Dollars burn: the causes that made the blue and the financiers shoot

Dollars burn: the causes that made the blue and the financiers shoot

In the case of blue, the price rose from $209.50 to $219 in the last week. Therefore, the spread with the official rose to 109.9%, a record since November 2020.

Meanwhile, on the stock market, the “liquid counted” dollar (CCL), -operated with the AL30 bond, one of the most liquid in the domestic market-, jumped from $206.04 to $218.82, leading to the gap also close to 110%. Likewise, the prices of the CCL evaluated with other assets (such as the GD30 bond, ADRs, or Cedears), reached around $224 this Friday.

In the case of the MEP, the price went from $202.46 to $212.74, an unprecedented value so far in nominal terms.

The demand for pesos falls

“This rise in the blue dollar seems logical to me, given the amount of pesos that has been issued during December. As soon as the demand for money begins to fall a little, the blue begins to rise,” financial analyst Christian Buteler told this medium. .

“The advance of the parallel can be stopped if the MEP dollar falls. Otherwise, it seems to me that we are going to have a summer with a rise in the blue dollar a little above what we have had in recent summers,” he said.

A report by Quinquela Fondos indicated that the Monetary Base grew 20.5% between November and January to date, a rate that doubles that observed a year ago.

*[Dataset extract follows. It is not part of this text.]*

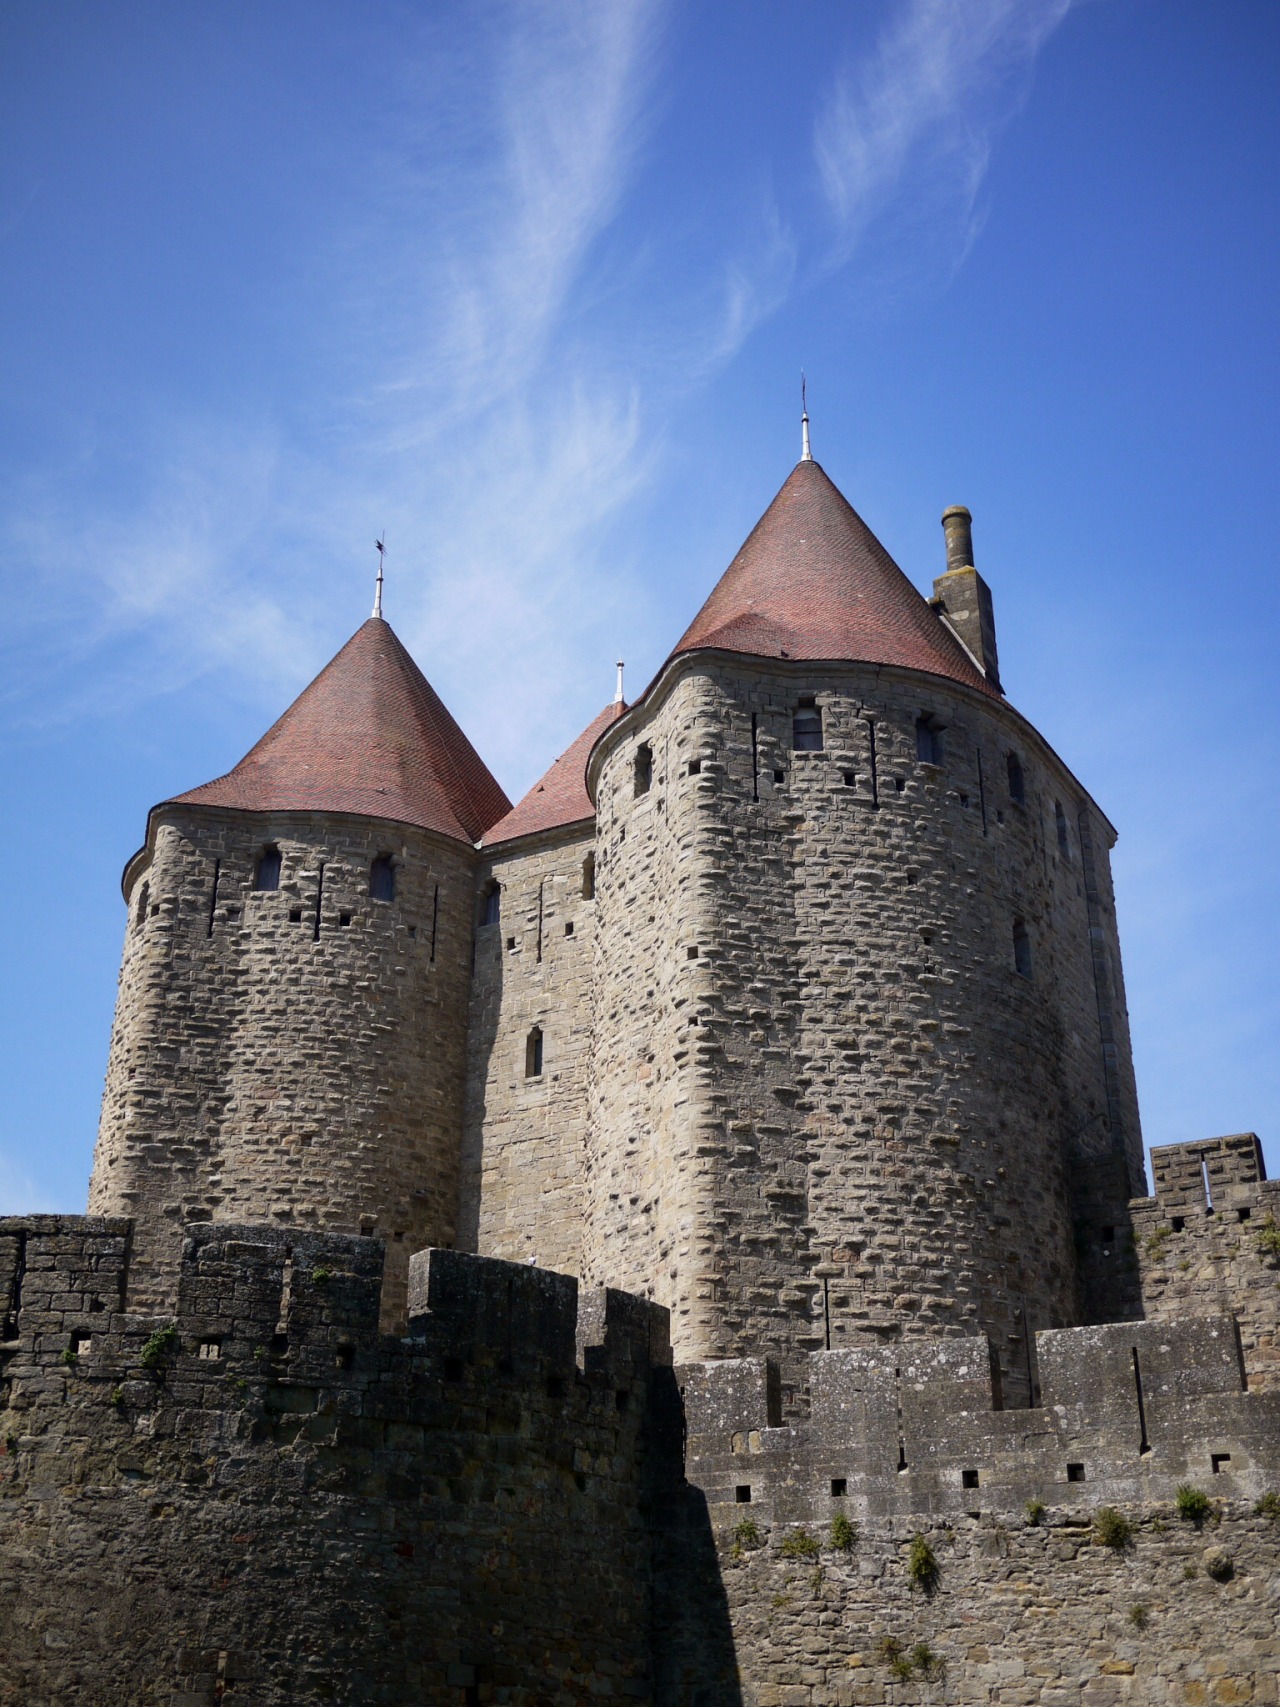 Exploring Carcassonne, France

The entity dedicated to the administration of Common Investment Funds affirmed that in recent days a greater surplus of money in circulation has been verified, compared to the needs of pesos to carry out transactions (which are usually higher in December).

“Part of the increase in the gap in recent weeks can be explained by the increase in the quantity of pesos and, given exchange controls, their channeling towards financial dollar operations,” Quinquela said.

Tension with the IMF

The differences between the Government and the IMF regarding the fiscal path that Argentina must follow within the framework of an agreement that changes the conditions of the current debt that the country has with the organization are already public knowledge.

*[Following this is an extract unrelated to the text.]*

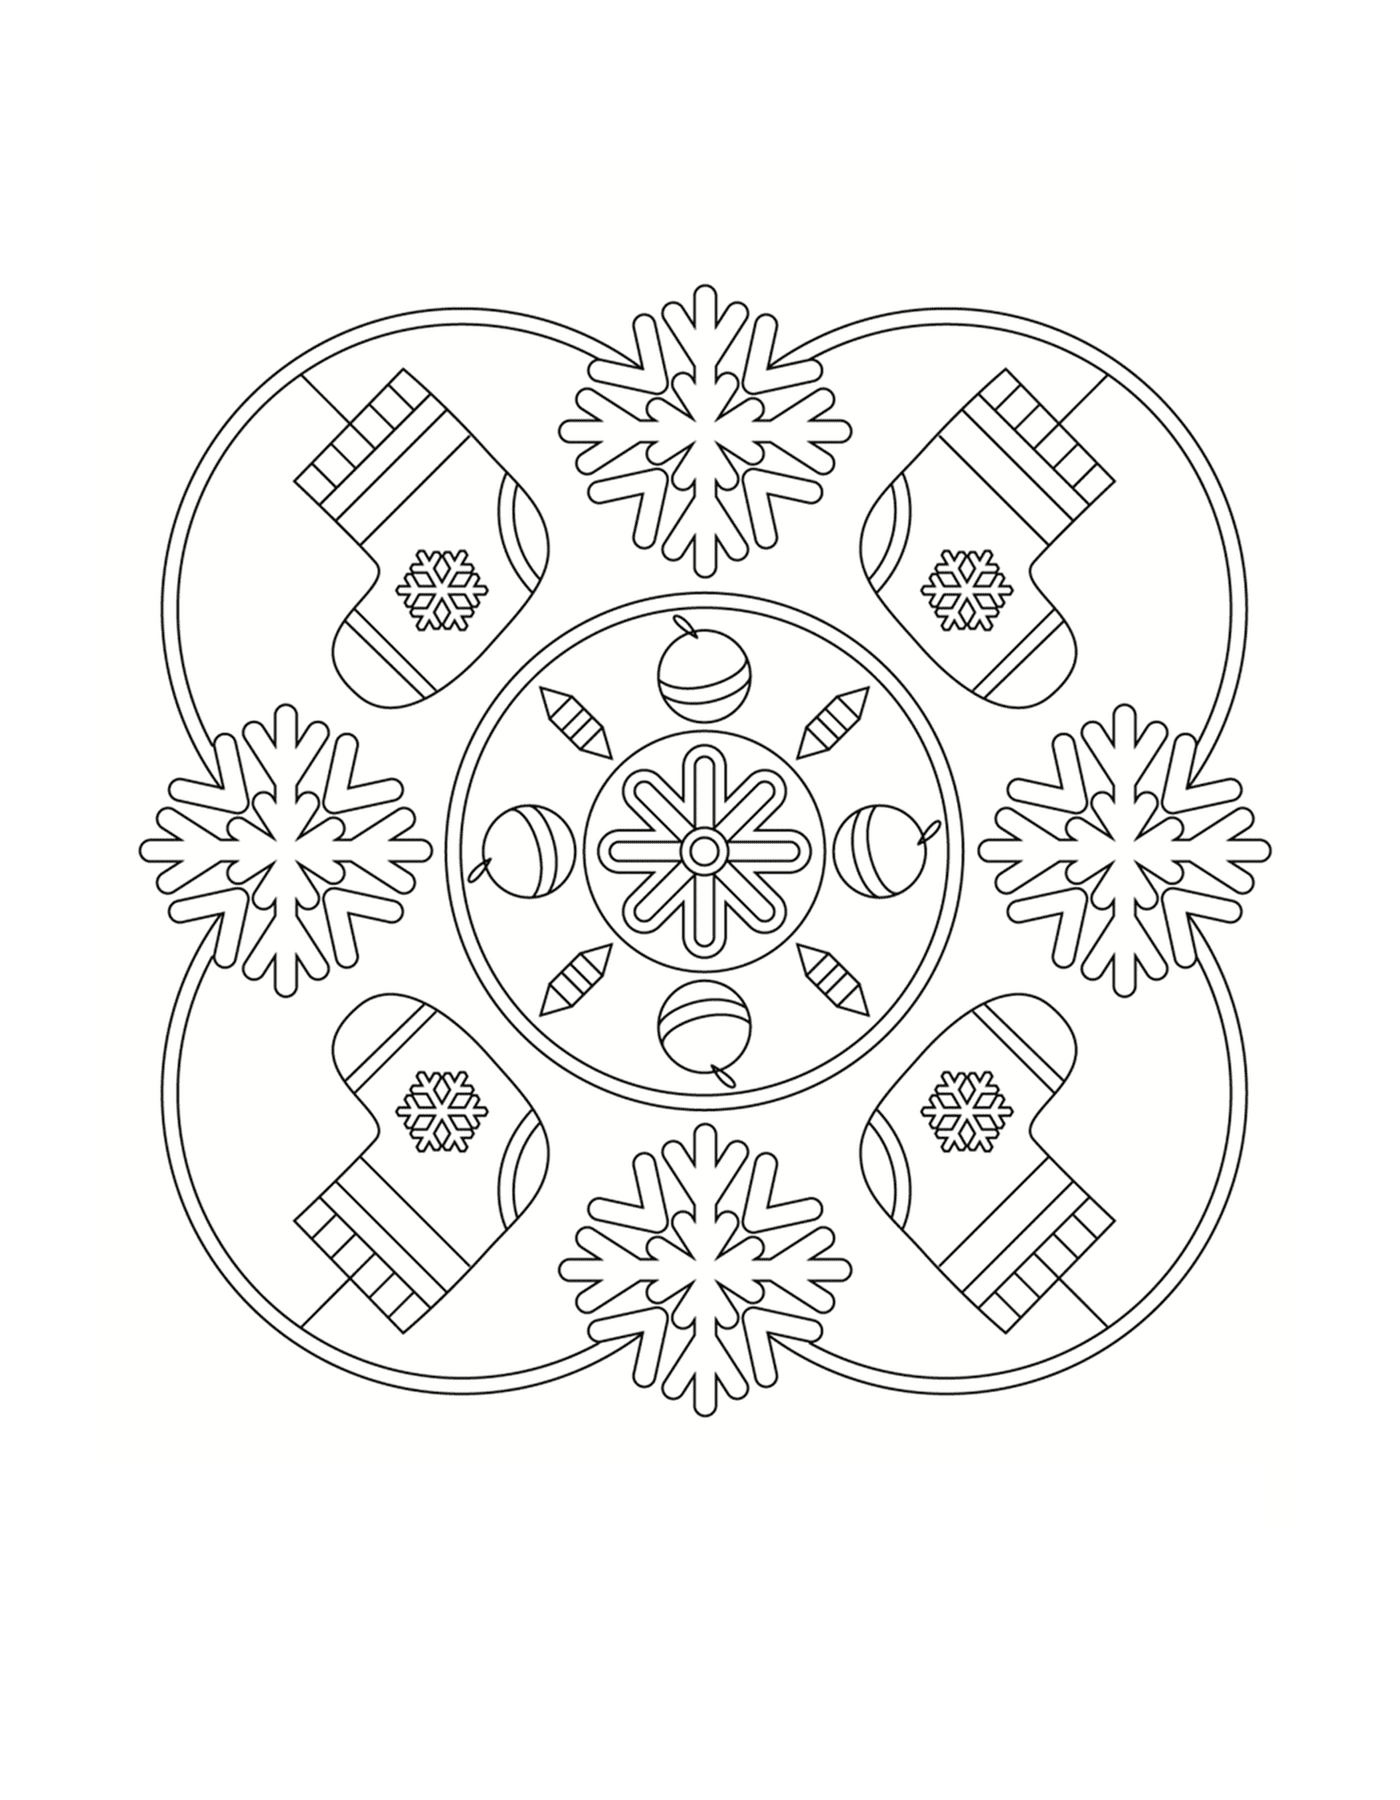  Unique and artistic Mandala

The Minister of Economy, Martín Guzmán, remarked this Friday in an interview with the French media Le Figaro that there is still no consensus on the combinations of expenses and income to reduce the deficit.

“We don’t want to penalize demand when the economy is recovering,” the official said, after stressing that this debt is “the main brake on the Argentine economy.”

In this sense, Juan Pablo Albornoz, Ecolatina economist, expressed that the lack of definitions on the agreement “does not allow to anchor expectations and dispel doubts of a disorderly exchange rate event”, although he considers “that there are still tools to avoid it”.

For his part, the chief economist of Econviews, Andrés Borenstein, projected that “a relaxation of the price of the blue dollar will depend a lot on whether the agreement with the IMF is finally advanced, and on whether the BCRA depreciates a little faster the official dollar, with which there will be room to decompress somewhat the “stocks of the stocks” (to financial dollars).

Does it achieve acceleration of the crawling peg and increase in rates?

In the midst of negotiations with the Fund, the BCRA slightly raised monetary policy rates, which are now above 45% per year in effective terms.

At the same time, the rate of adjustment of the official exchange rate accelerated, which is on track to rise more than 2% per month in January, something that has not happened since March 2021.

However, taking into account that inflation in December was close to 4% and that it is not expected to fall significantly in the short term, the corrections do not seem to be enough to reduce savers’ search for currency hedging.

“The recent rise in the interest rate seems insufficient in view of the current level of inflation. And the rate of depreciation that is between 2.3% and 2.5% per month in recent days also looks low to stabilize the real exchange rate. In short, under these levels of inflation, the path chosen to balance prices, rates and the exchange rate looks insufficient. Higher levels of nominality could be required, with the risks that this implies,” they said from Quinquela.